**Problem to work on**
Beginning with the line containing "Taq-e Bostan. Grande" and going on through the line containing "Cashback-Symbole festgelegt. Einfache", the lines below are to be returned exactly, pictures excluded and nothing added.
[Extracted records — start]
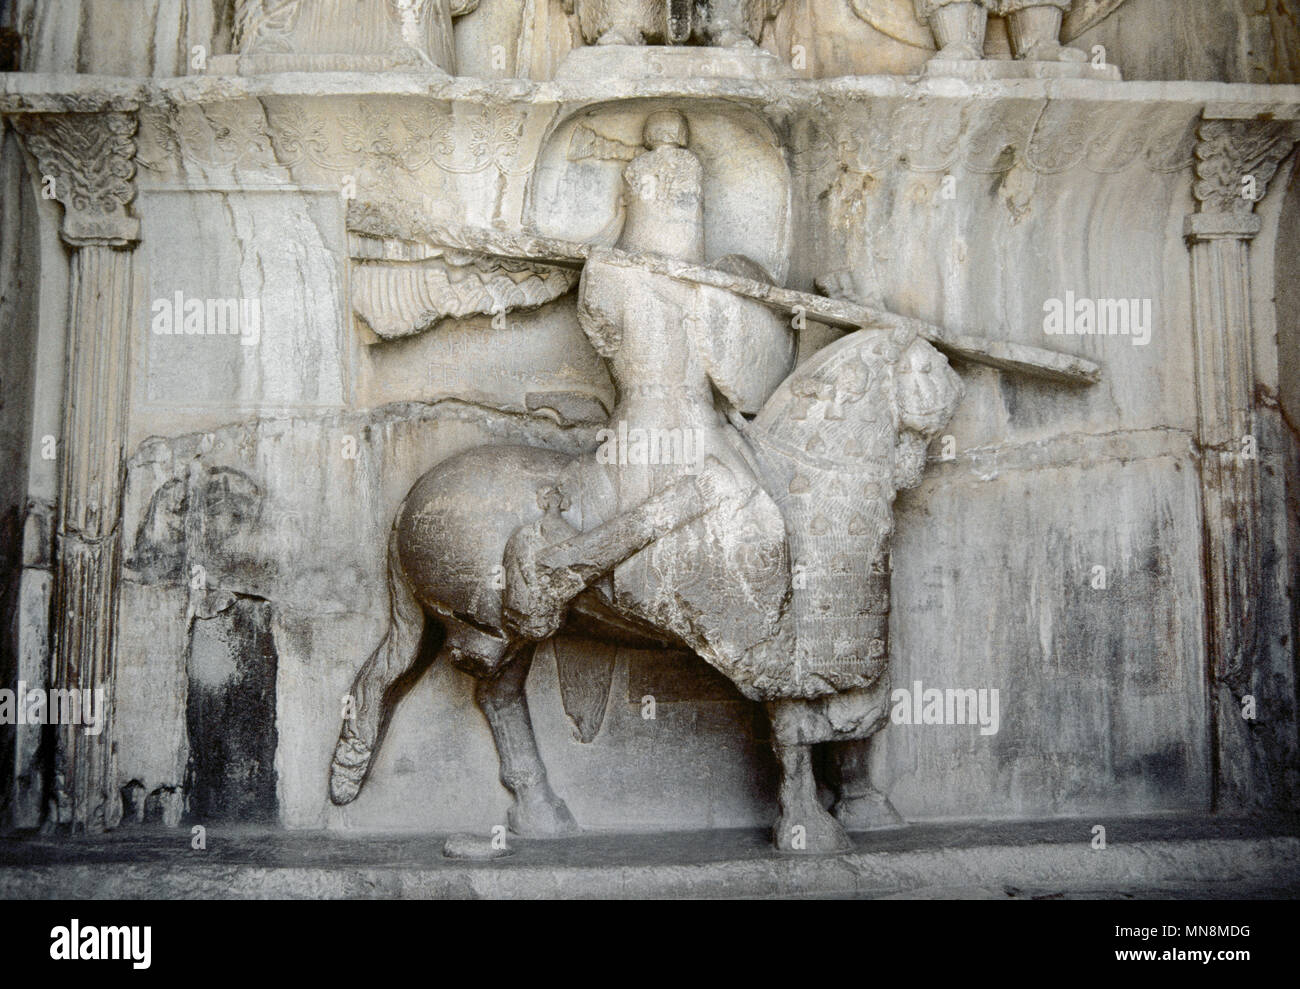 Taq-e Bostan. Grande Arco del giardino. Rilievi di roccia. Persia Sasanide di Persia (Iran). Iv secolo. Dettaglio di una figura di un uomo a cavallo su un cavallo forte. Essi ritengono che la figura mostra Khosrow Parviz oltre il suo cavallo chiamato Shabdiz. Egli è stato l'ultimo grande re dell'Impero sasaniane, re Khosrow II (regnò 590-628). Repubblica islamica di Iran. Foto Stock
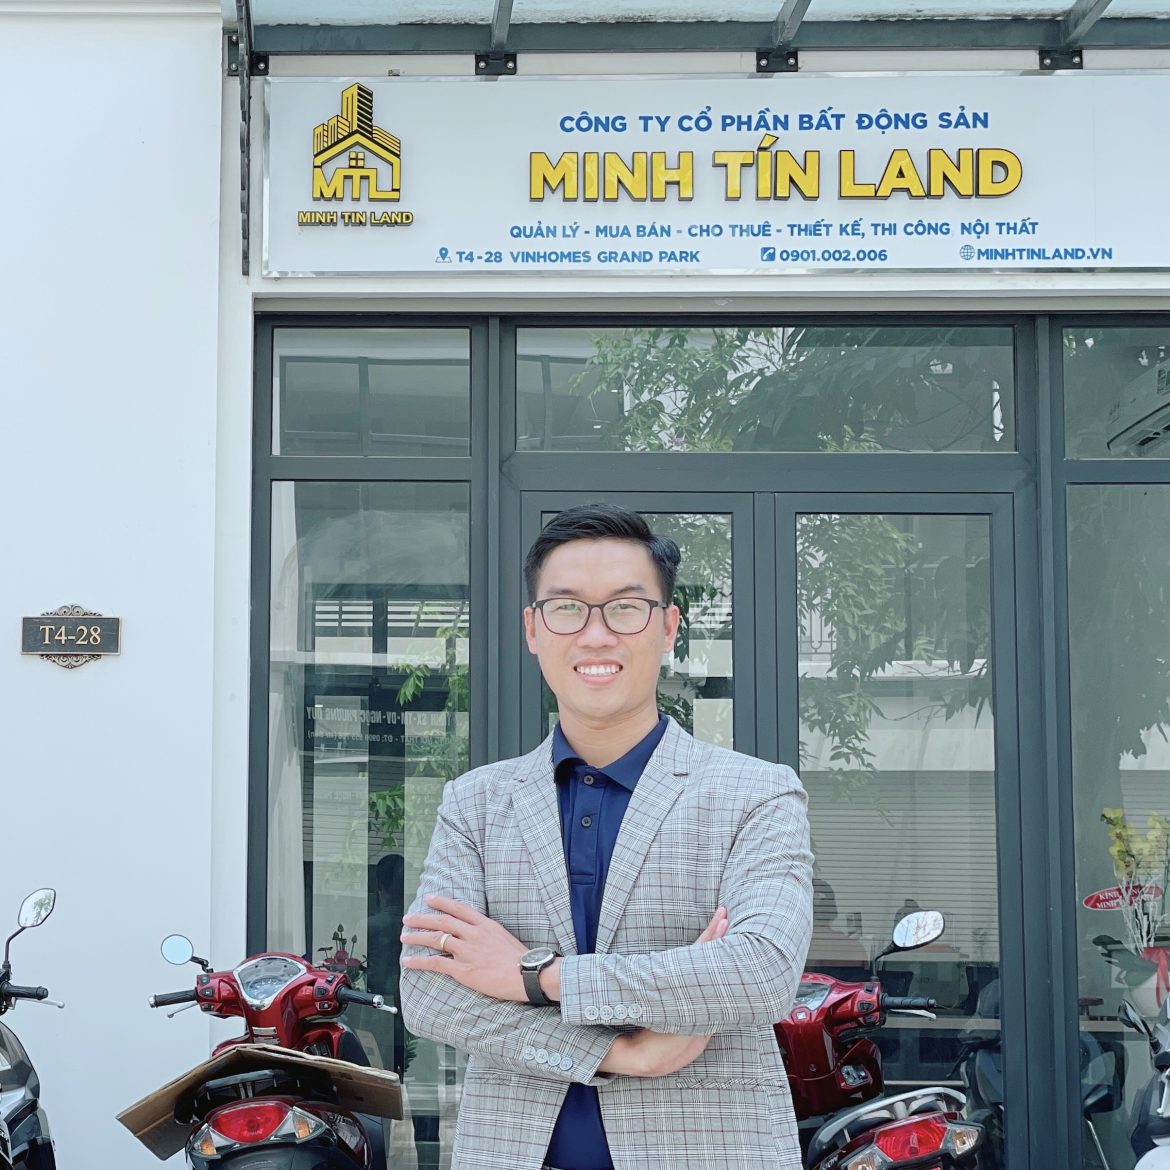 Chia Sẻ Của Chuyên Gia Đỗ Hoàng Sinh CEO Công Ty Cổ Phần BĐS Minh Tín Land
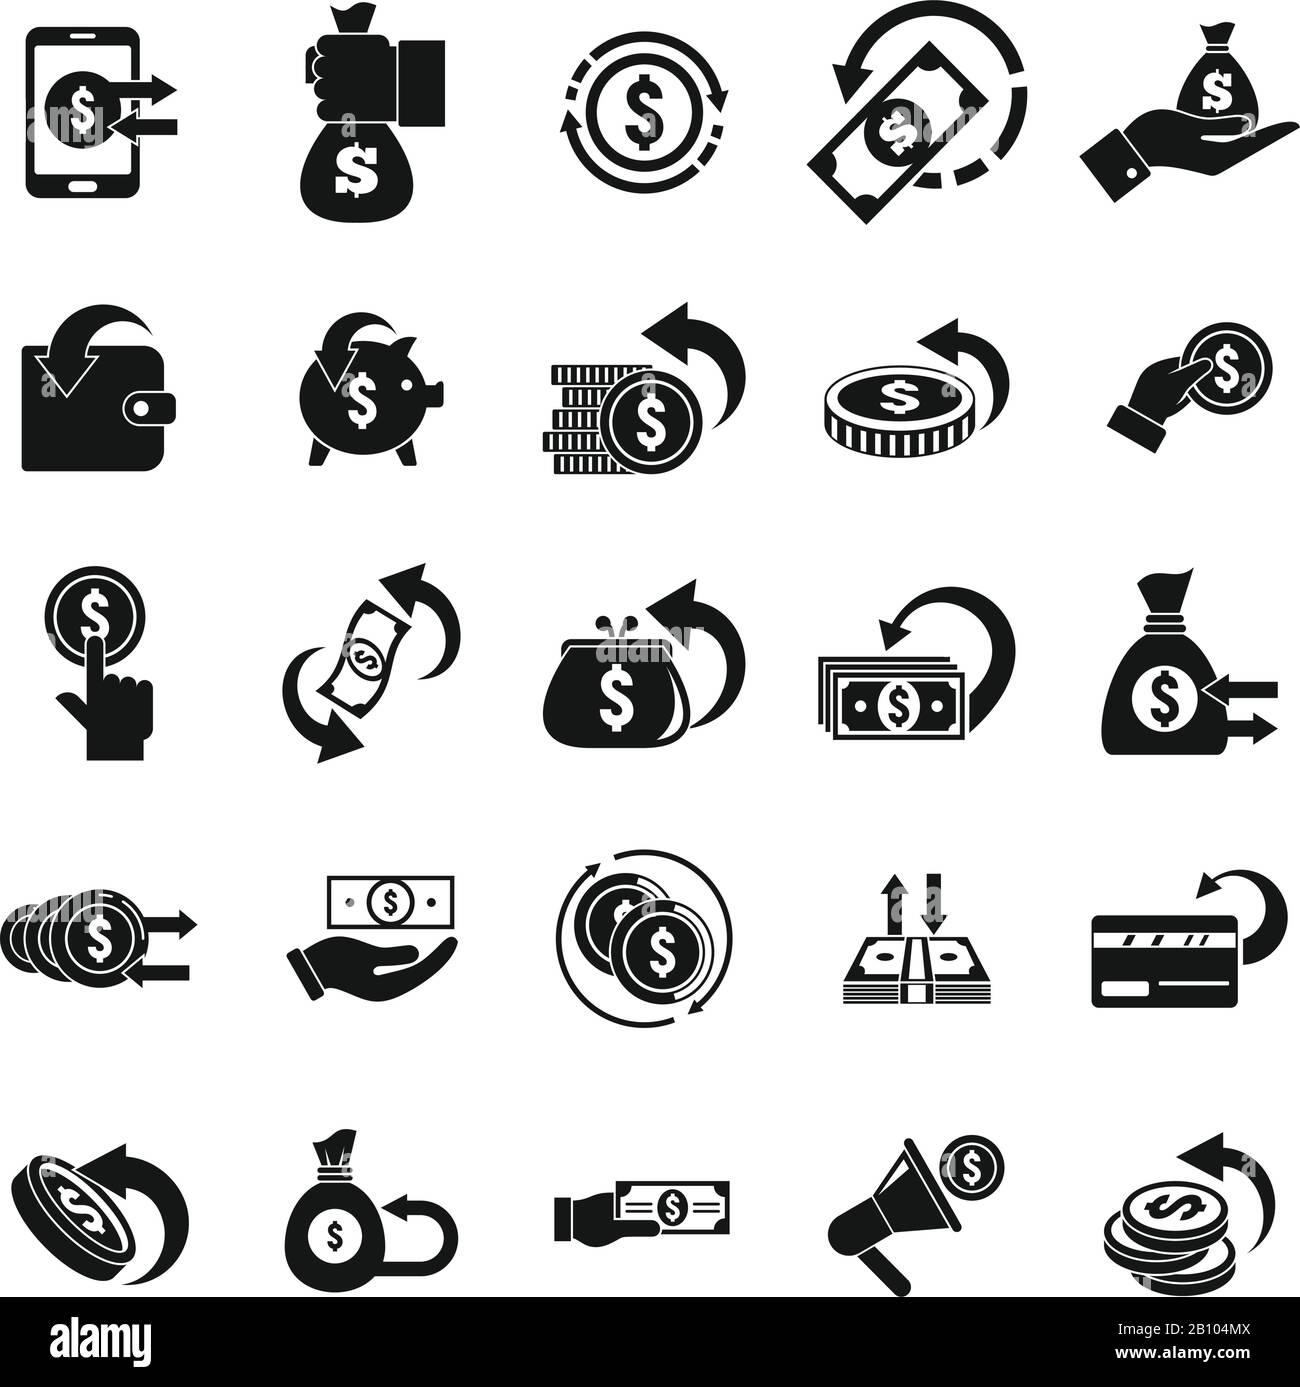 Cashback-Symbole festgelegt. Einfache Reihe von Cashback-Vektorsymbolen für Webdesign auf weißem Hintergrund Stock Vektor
[Extracted records — finish]
[Extracted records — start]
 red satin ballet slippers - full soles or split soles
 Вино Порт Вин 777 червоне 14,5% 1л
[Extracted records — finish]
[Extracted records — start]
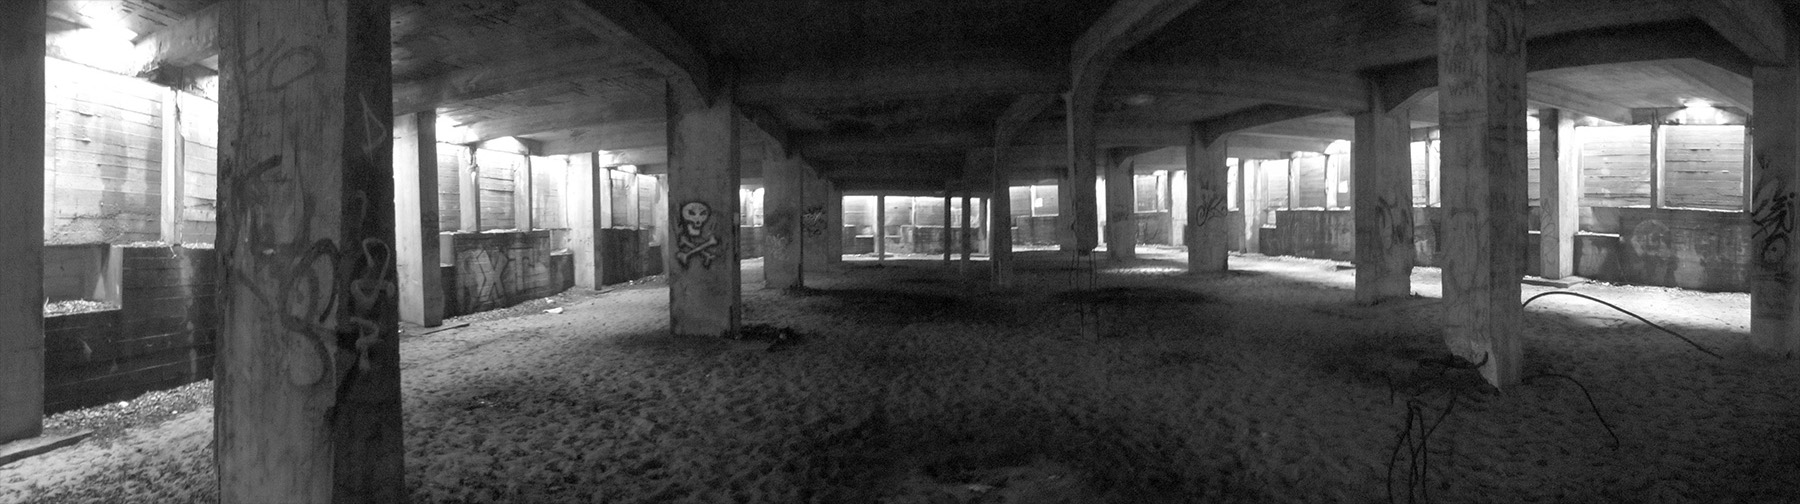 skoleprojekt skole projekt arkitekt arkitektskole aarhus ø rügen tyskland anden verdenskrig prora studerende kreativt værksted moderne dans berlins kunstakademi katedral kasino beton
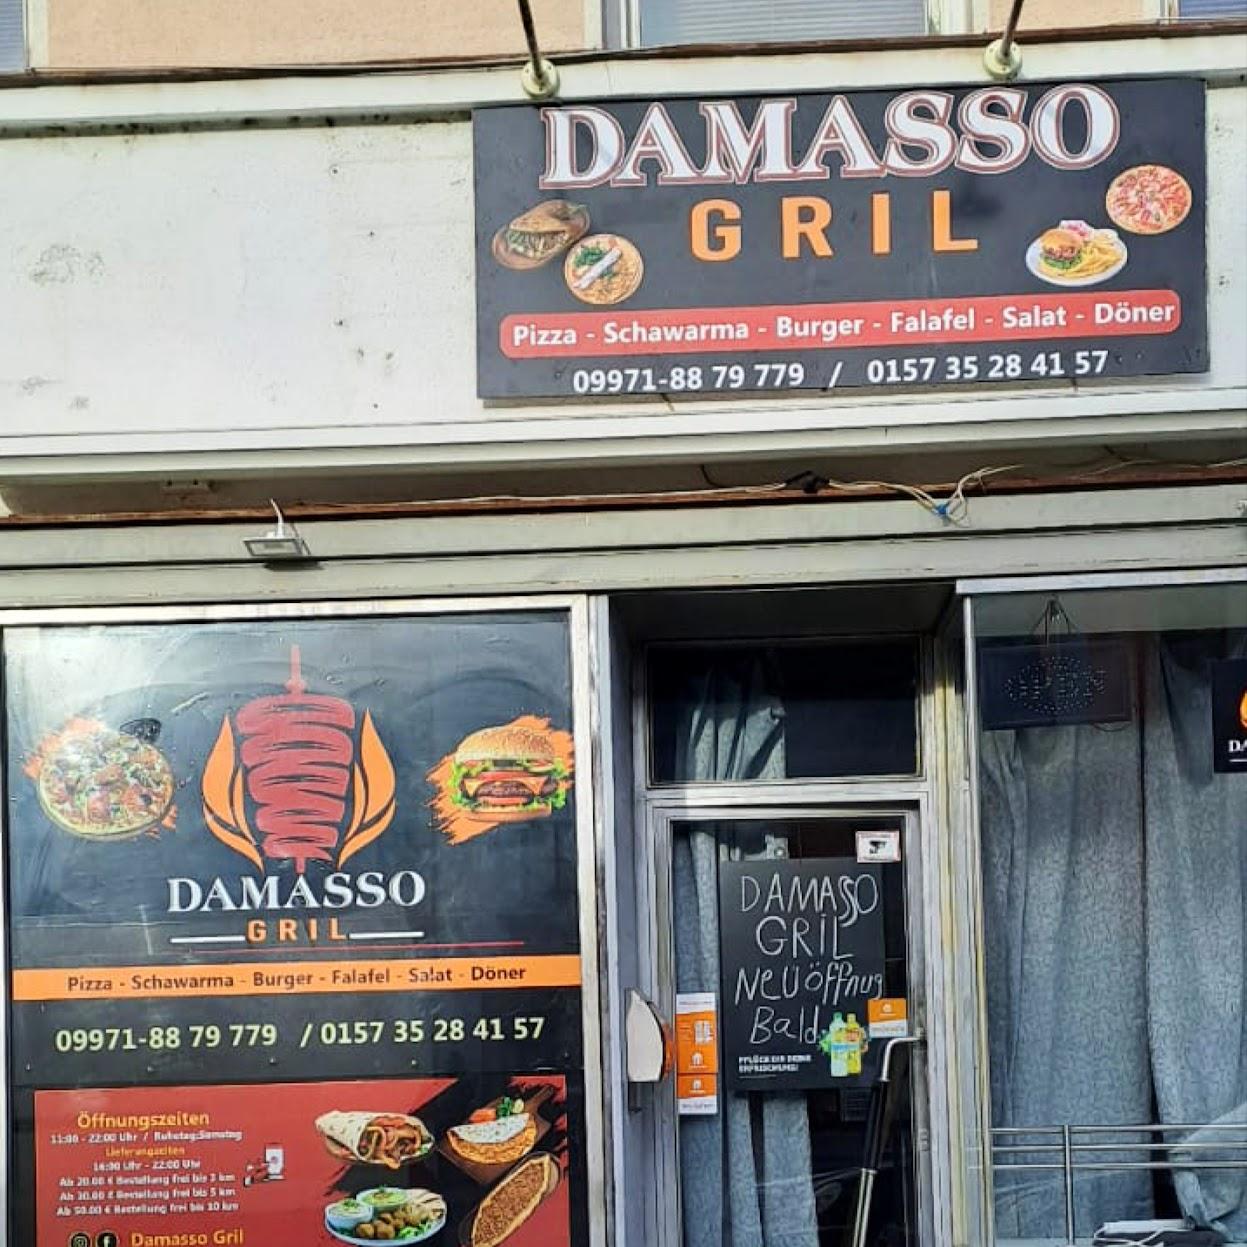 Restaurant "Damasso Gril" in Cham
[Extracted records — finish]
**Response to the task**
 Taq-e Bostan. Grande Arco del giardino. Rilievi di roccia. Persia Sasanide di Persia (Iran). Iv secolo. Dettaglio di una figura di un uomo a cavallo su un cavallo forte. Essi ritengono che la figura mostra Khosrow Parviz oltre il suo cavallo chiamato Shabdiz. Egli è stato l'ultimo grande re dell'Impero sasaniane, re Khosrow II (regnò 590-628). Repubblica islamica di Iran. Foto Stock
 Chia Sẻ Của Chuyên Gia Đỗ Hoàng Sinh CEO Công Ty Cổ Phần BĐS Minh Tín Land
 Cashback-Symbole festgelegt. Einfache Reihe von Cashback-Vektorsymbolen für Webdesign auf weißem Hintergrund Stock Vektor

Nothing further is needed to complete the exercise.